Simandl, G.J., Paradis, S. and Birkett, T. (1999): Colombia-type Emeralds; in Selected British Columbia Mineral Deposit Profiles, Volume 3, Industrial Minerals, G.J. Simandl, Z.D. Hora and D.V. Lefebure, Editors, British Columbia Ministry of Energy and Mines, Open File 1999-10.
IDENTIFICATION
SYNONYMS:
Emerald veins, Muzo and Chivor-type emerald deposits. COMMODITY: Emeralds (pale-green and colorless beryl gemstones).
EXAMPLES (British Columbia - Canadian/International): No Colombia-type emerald deposits are known in British Columbia. Chivor, La Mina Glorieta, Las Cruces, El Diamante, El Toro, La Vega de San Juan, Coscuez and Muzo (Colombia).
GEOLOGICAL
CHARACTERISTICS
CAPSULE DESCRIPTION:
Colombia-type emerald deposits consist mainly of
carbonate-pyrite-albite quartz veins forming "en échellon" or conjugate
arrays and cementing breccias. So called "stratiform tectonic breccias"

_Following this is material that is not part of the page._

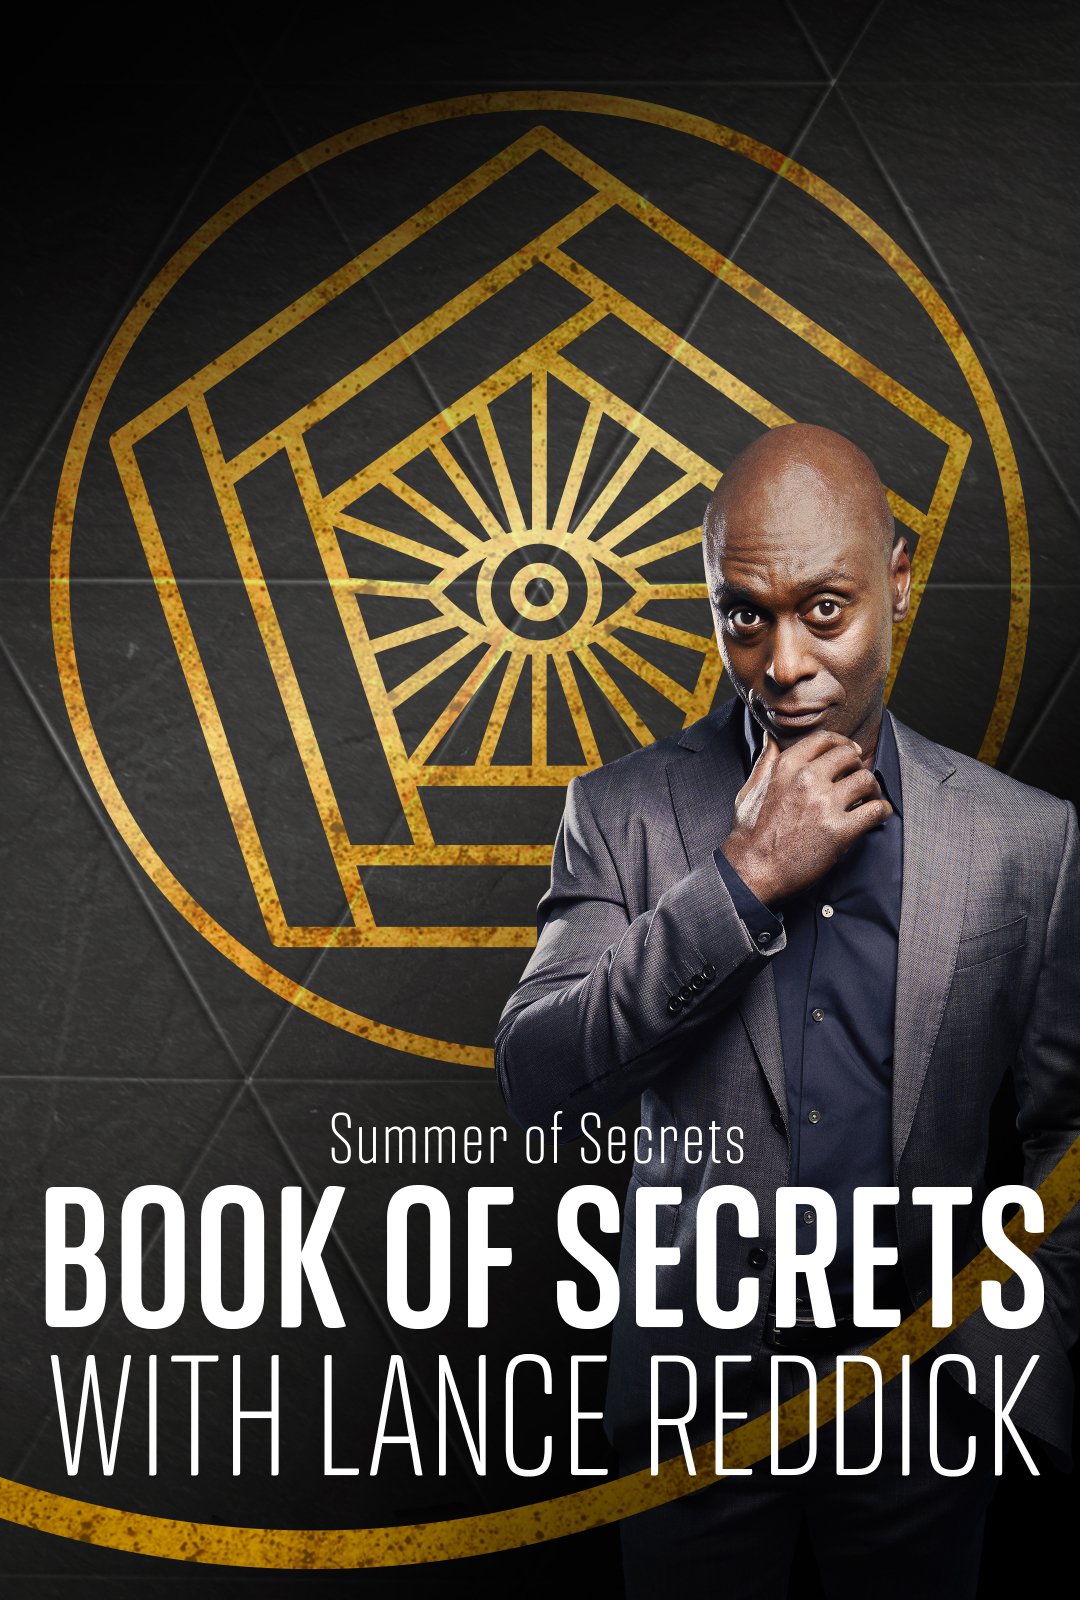 Lance Reddick - America's Book of Secrets Cast

may also contain emeralds. Emeralds are disseminated in the veins as
clusters, single crystals or crystal fragments; however, the best
gemstones are found in cavities. Country rocks are black carbonaceous and
calcareous shales. TECTONIC SETTING: Probably back arc basins (shales deposited in epicontinental marine anoxic environments spatially related to evaporites) subjected to a compressional tectonic environment.
DEPOSITIONAL ENVIRONMENT / GEOLOGICAL SETTING: The deposits are controlled by deep, regional decollements, reverse or thrust faults; hydraulic fracture zones, intersections of faults and by permeable arenite beds interbedded with impermeable black shales.
AGE OF MINERALIZATION: Colombian deposits are hosted by Cretaceous shales. Ar/Ar laser microprobe studies of Cr-V-K-rich mica, believed to be penecontemporaneous with the emerald mineralization, indicate 32 to 38 Ma for Muzo area and 65 Ma for Chivor district. It is not recommended to use these age criteria to constrain the exploration programs outside of Columbia.
HOST/ASSOCIATED ROCKS: Emerald-bearing veins and breccias are hosted mainly by black pyritiferous shale, black carbonaceous shale and slate. Claystone, siltstone, sandstone, limestone, dolomite, conglomerate and evaporites are also associated. Two special lithologies described in close association with the deposits are albitite (metasomatized black shale horizons) and tectonic breccias ("cenicero"). The latter consist of black shale and albitite fragments in a matrix of albite, pyrite and crushed black shale.
DEPOSIT FORM: The metasomatically altered tectonic blocks may be up to 300 metres in width and 50 km in length (Beus, 1979), while individual productive zones are from 1 to 30 metres in thickness. Emeralds are found in en échelon and conjugate veins that are commonly less than 10 centimetres thick, in hydraulic breccia zones and in some cases in cenicero.
TEXTURE/STRUCTURE: Emeralds are found disseminated in veins as clusters, single crystals or crystal fragments, however, the best gemstones are found in cavities. Quartz is cryptocrystalline or forms well developed hexagonal prisms, while calcite is fibrous or rhombohedral. In some cases, emerald may be found in black shale adjacent to the veinlets or cenicero.
ORE MINERALOGY: Emerald; beryl specimens and common beryl.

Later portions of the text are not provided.